Jewish World Review Feb. 13, 2006 / 15 Shevat, 5766

And now for the important news ....

By Argus Hamilton


http://www.JewishWorldReview.com | Tony Blair called Friday for Iran to give up its ambition to possess nuclear weapons. It's got the world's attention. When experts said a war could cost ten million Iranian lives, Wayne Gretzky's wife bet fifty thousand dollars on the overs.


Muslims held more protests in the Middle East over Danish editorial cartoons offensive to their religion. It's spreading fast. Canadians took to the streets Friday when the Denver Post ran a cartoon of Wayne Gretzky without his halo.


Janet Jones and some NHL players belonged to a sports betting ring headed by mobster Skinny Joey Merlino. He's a lovely guy. He helped six men become senators from New Jersey, and then afterwards he helped two of them become American citizens.

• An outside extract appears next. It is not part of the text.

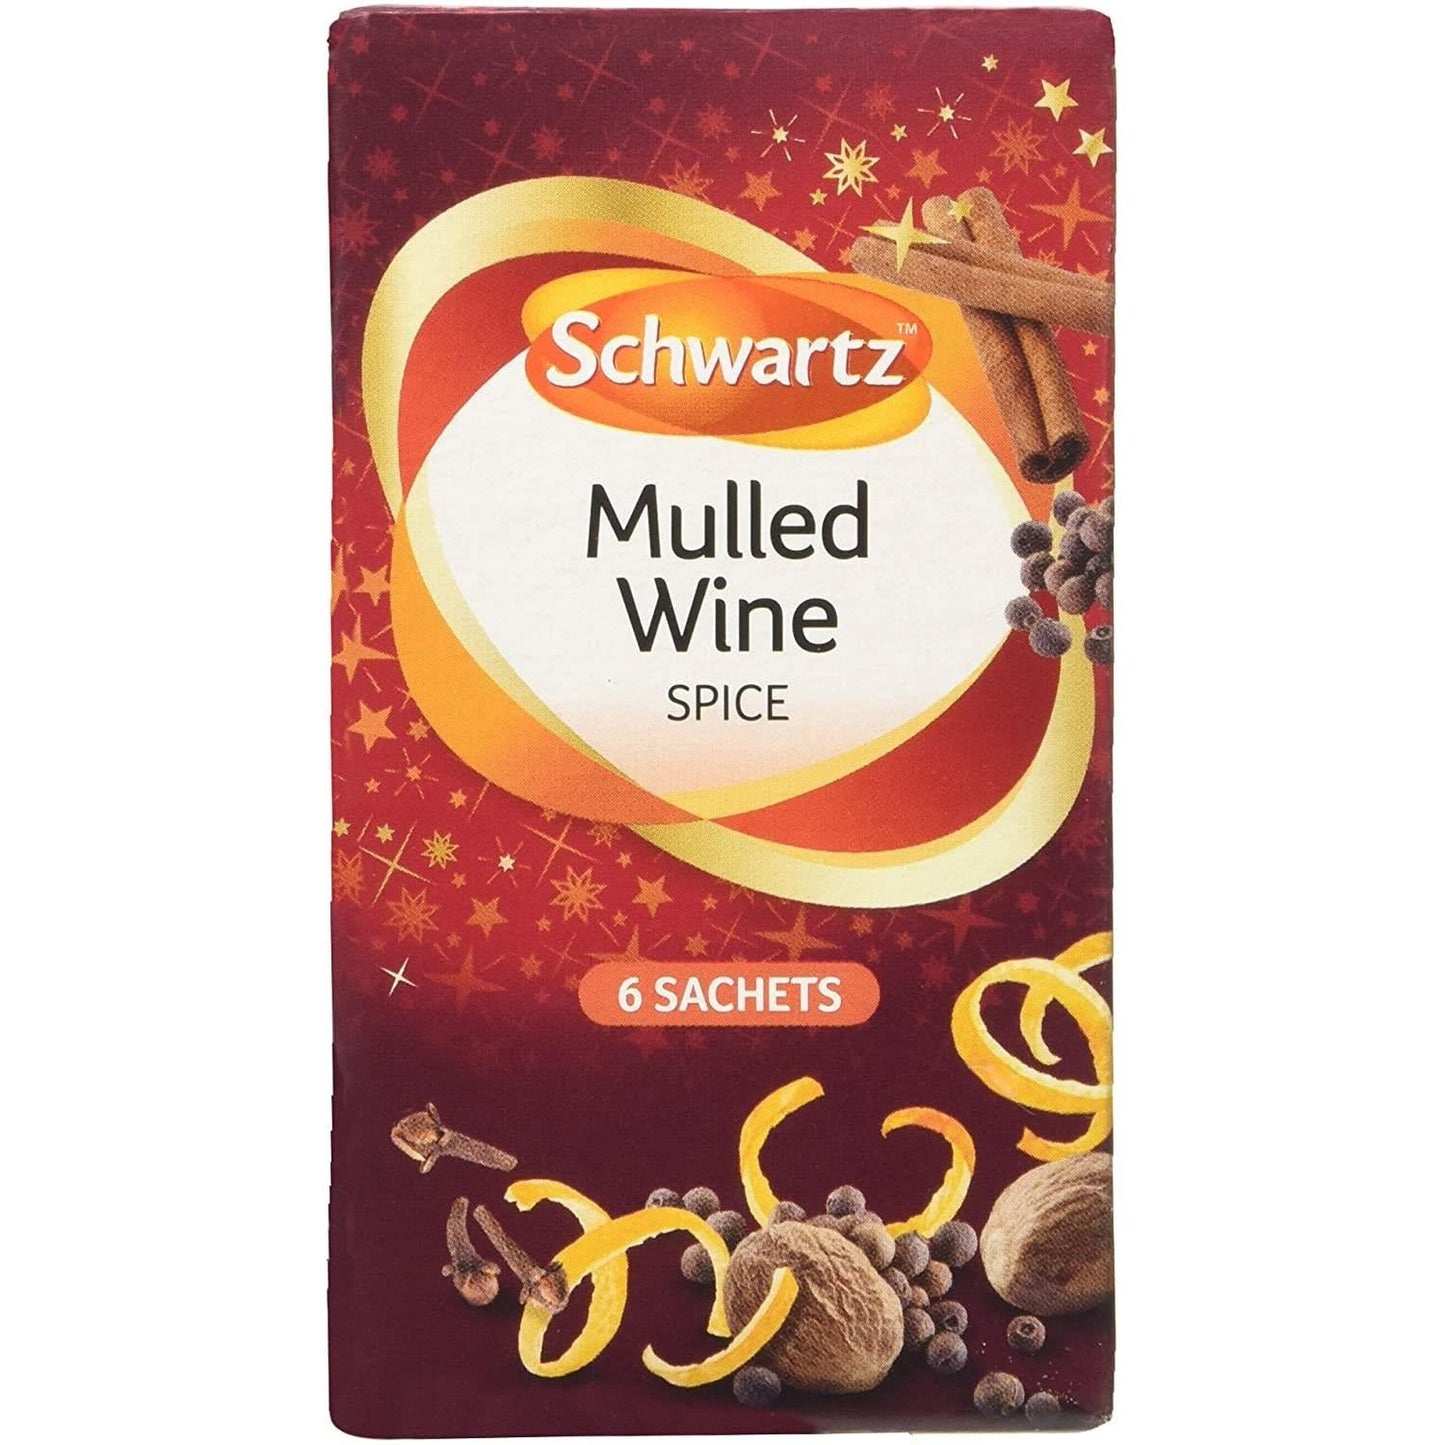 Schwartz Mulled Wine Spice Box 18g

Canadian goalie Jose Theodore flunked his Olympic drug test Friday because of Propecia. They said the hair growth drug can be used to mask steroid use. Don't be surprised if Barry Bonds shows up for spring training with the biggest Afro since Oscar Gamble's.


The Winter Olympics held their opening ceremony in Turin on Friday. Before the games began, Italian authorities expelled the area's leading Muslim cleric. Bode Miller isn't going to set any Olympic downhill skiing records if the snow is on fire.


Cindy Sheehan decided not to challenge Democrat Senator Dianne Feinstein this year in the California primary. She would only have sucked away the votes of the hippies and druggies and tree huggers. In other words, she would have won in a walk.


ABC News anchor Elizabeth Vargas announced Friday that she's pregnant. ABC's other anchor Bob Woodruff is in the hospital recovering from a bombing attack. It could just be bad luck or it might be time to ask Walter Cronkite if he has an alibi.


President Bush said in a speech in Washington Thursday that al-Qaeda once plotted a terrorist attack on Los Angeles. It makes no sense at all. People who want to destroy America would never attack Hollywood, if only out of professional courtesy.


Dr. Phil got a Daytime Emmy nomination Thursday in the category of Outstanding Achievement in Hair Styling. No kidding. It's the easiest set-up for comedians since President Clinton was asked to give the invocation at a Promise Keepers rally.


Iran's president said Thursday he will end cooperation with the U.N. and start uranium enrichment and no longer allow surprise inspections. The lesson couldn't be any clearer. Never ask a Muslim leader for a quote right after he's read the comics.


Hillary Clinton said Friday she cannot understand why the Bush administration can't capture the tallest man in Afghanistan. Bin Laden can't be that hard to find. Some guy is averaging seventy points a game for Islamabad and nobody ever fouls him.


Congressman Barney Frank accused the White House of ethnic cleansing in New Orleans Thursday. He warned of a richer and whiter New Orleans. If the Democrats had their way, the America's Cup would begin a half-mile upstream from Niagara Falls.